God Behaving Badly 6

God Behaving Badly 6 June 6, 2011

Is the God of the Old Testament a legalist? David Lamb, in his excellent book, God Behaving Badly: Is the God of the Old Testament Angry, Sexist and Racist?, probes into this question by examining how the God of the Old Testament (and New Testament) is depicted when it comes to giving laws.

The caricatures abound, from H.L. Mencken’s view that a Puritan was someone who lived with the fear that someone out there might be happy, or the nuns on The Simpsons who are singing “if you’re happy and you know it, it’s a sin.” Laws are demands, and boring, and oppressive. So laws means legalism. [Actually, there are lots of folks saying things like this.]

How should we envision the God who gives laws? What terms come to mind?

David Lamb disarms this by saying the first two commands in the Bible are “have lots of sex” and “eat lots of food.” Read Genesis 1 and you’ll find just this. David also contends that it was Satan who first dreamed up the idea that God’s laws indicate that God is mean, stingy and legalistic. Read Genesis 3.

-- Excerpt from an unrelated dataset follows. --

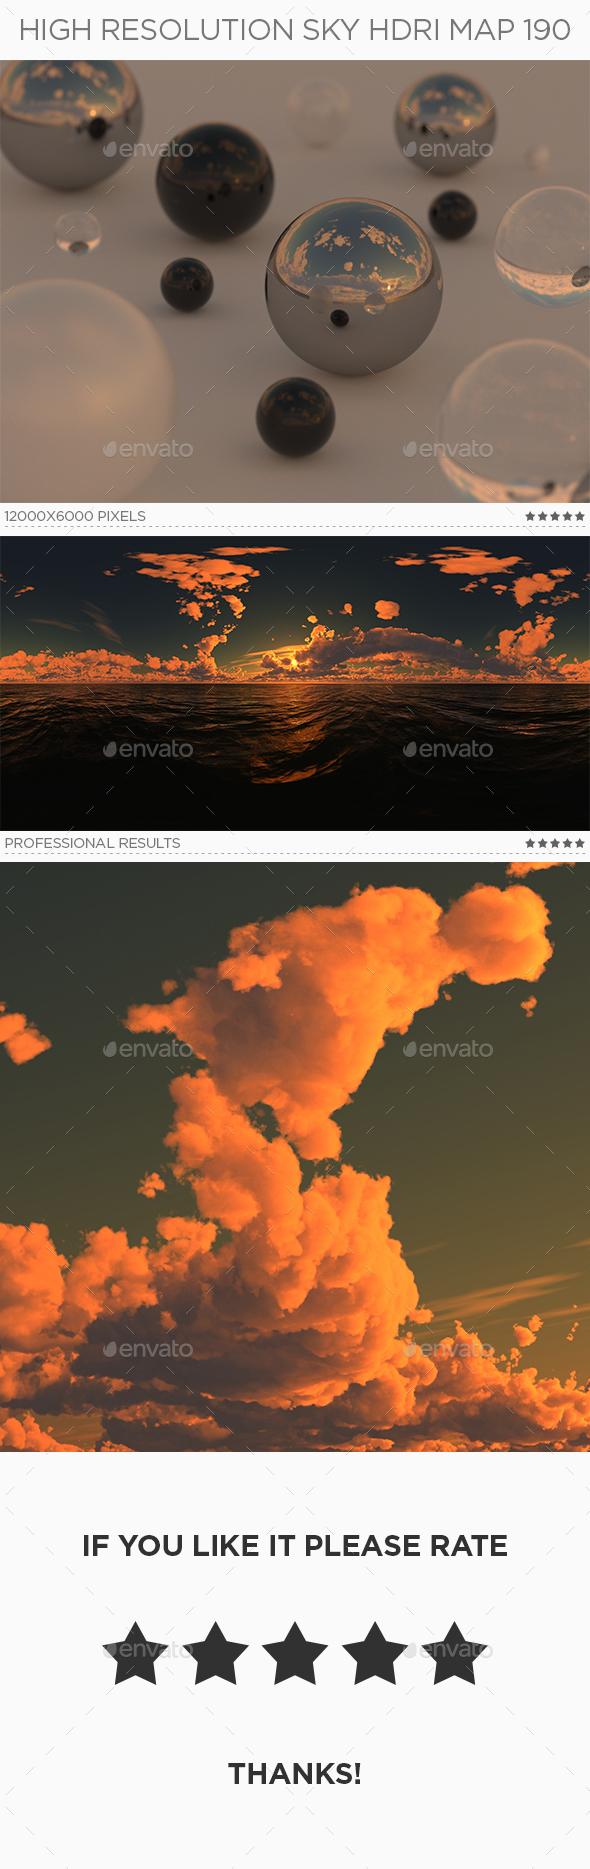 High Resolution Sky HDRi Map 190 - 3DOcean Item for Sale
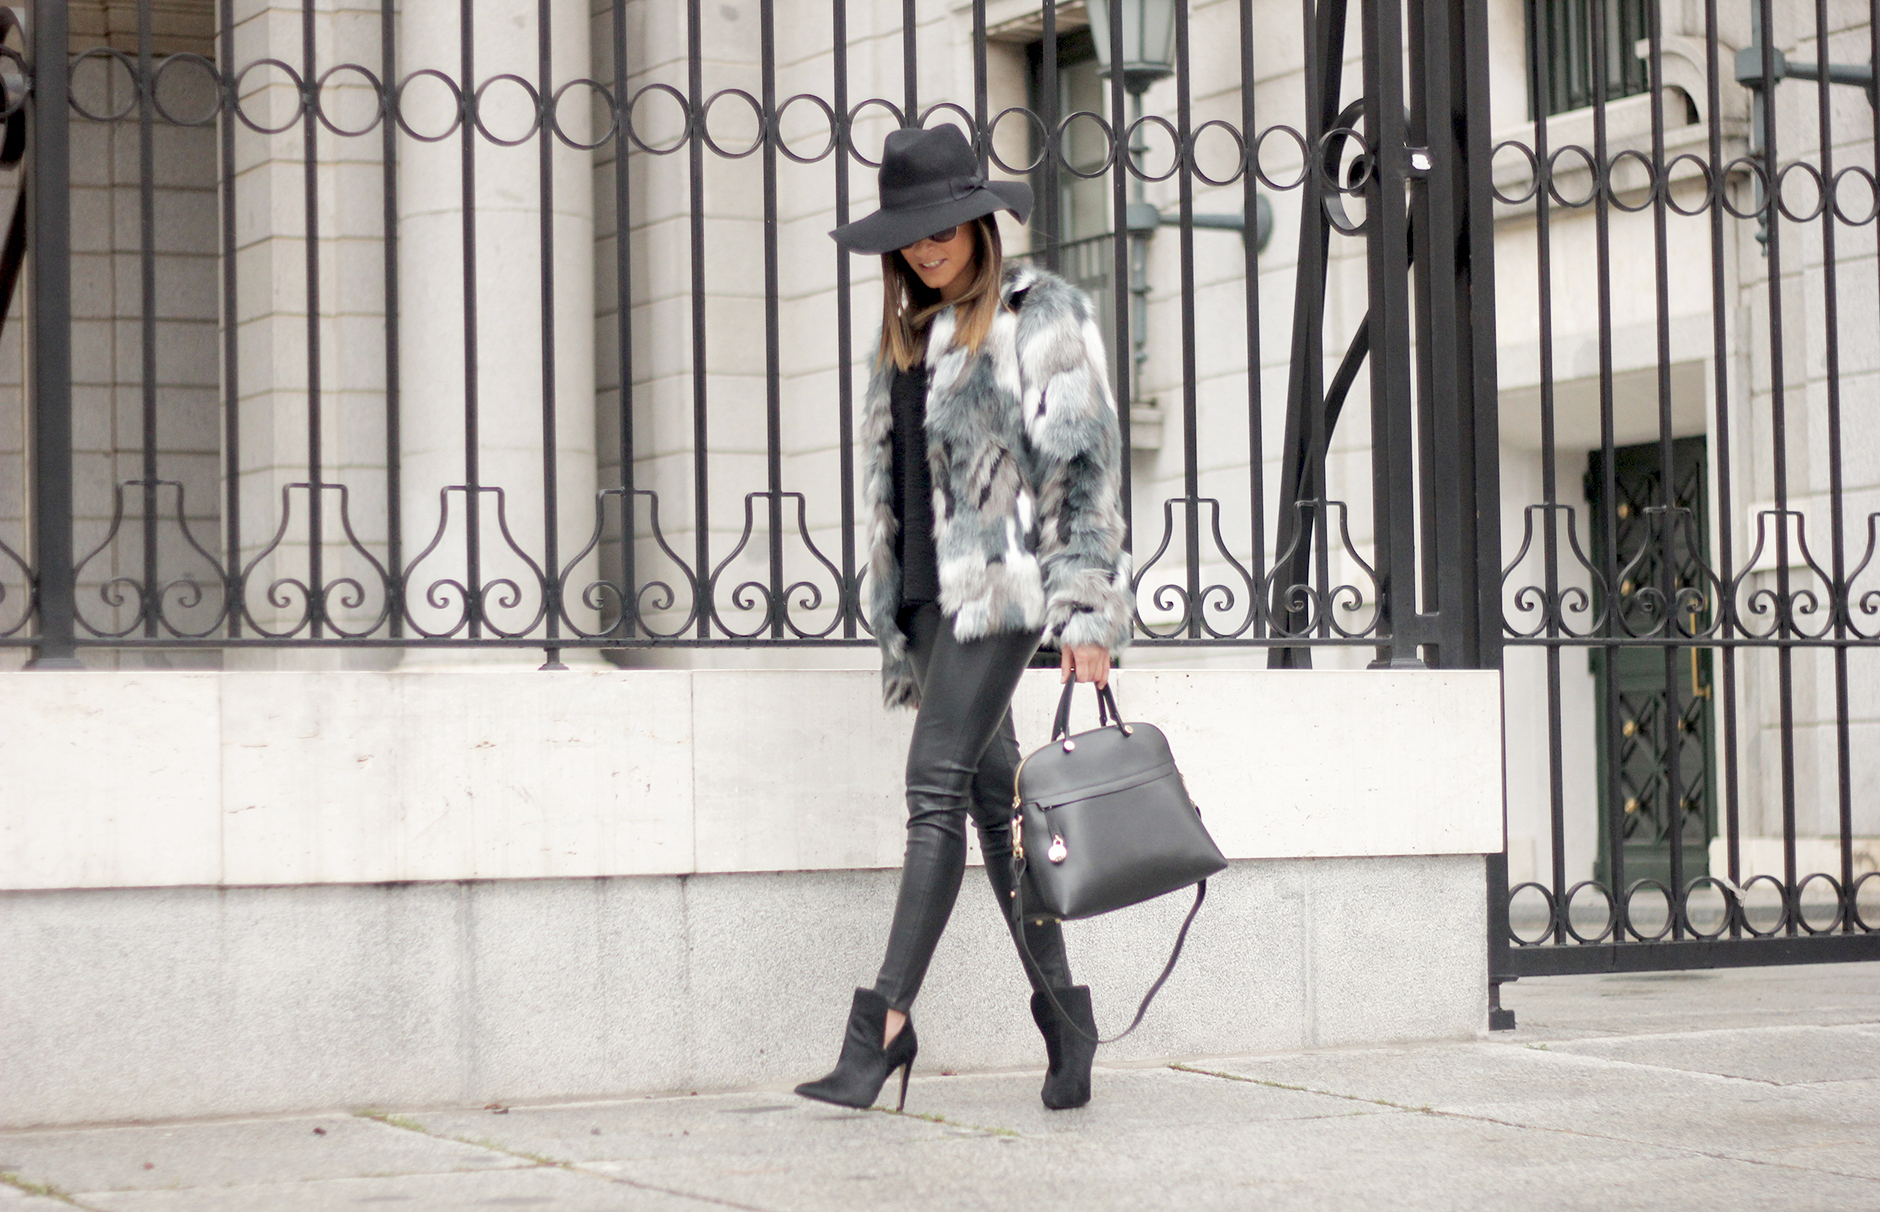 Faux fur coat leatherette pants booties black hat mango streetstyle fashion outfit17

What struck me about this chp is the reminder that God is good and laws are given by a Good God for the good of God’s people. [He says we should not be asking why bad things happen to good people but why good things happen to bad people, and his point is that no one is good.]

He sketches the many laws, the random laws and the harsh laws — again observing that Mosaic laws (there are many) are not random or harsh but pointed into specific contexts and are redemptive in their time.

He brings up the notorious Numbers 15 text where a man is put to death for gathering kindling wood on the Sabbath. Again, the issue here is the sanctity of the Sabbath and the value of the Sabbath for YHWH. The problem, of course, is the seeming randomness of death … and that is where his previous points have value (at least they do for me): God is good, death is judgment, God is incredibly patient so that random death seem so arbitrary.

But this post is about legalism — God is good; God’s goodness is such that God reveals to us what God wants from us. Commands then are a sign of God’s goodness, not his oppressiveness (though many today think they are). Psalm 119 is the world of the Bible: a lengthy praise of God for giving us commands. David calls it “ordinance lust.”

His confession: “I’ve tried to live by the conviction that God is good, generous and gracious, and he gives commands not because he’s legalistic but because he wants to bless people and draw them closer into relationship with him” (134).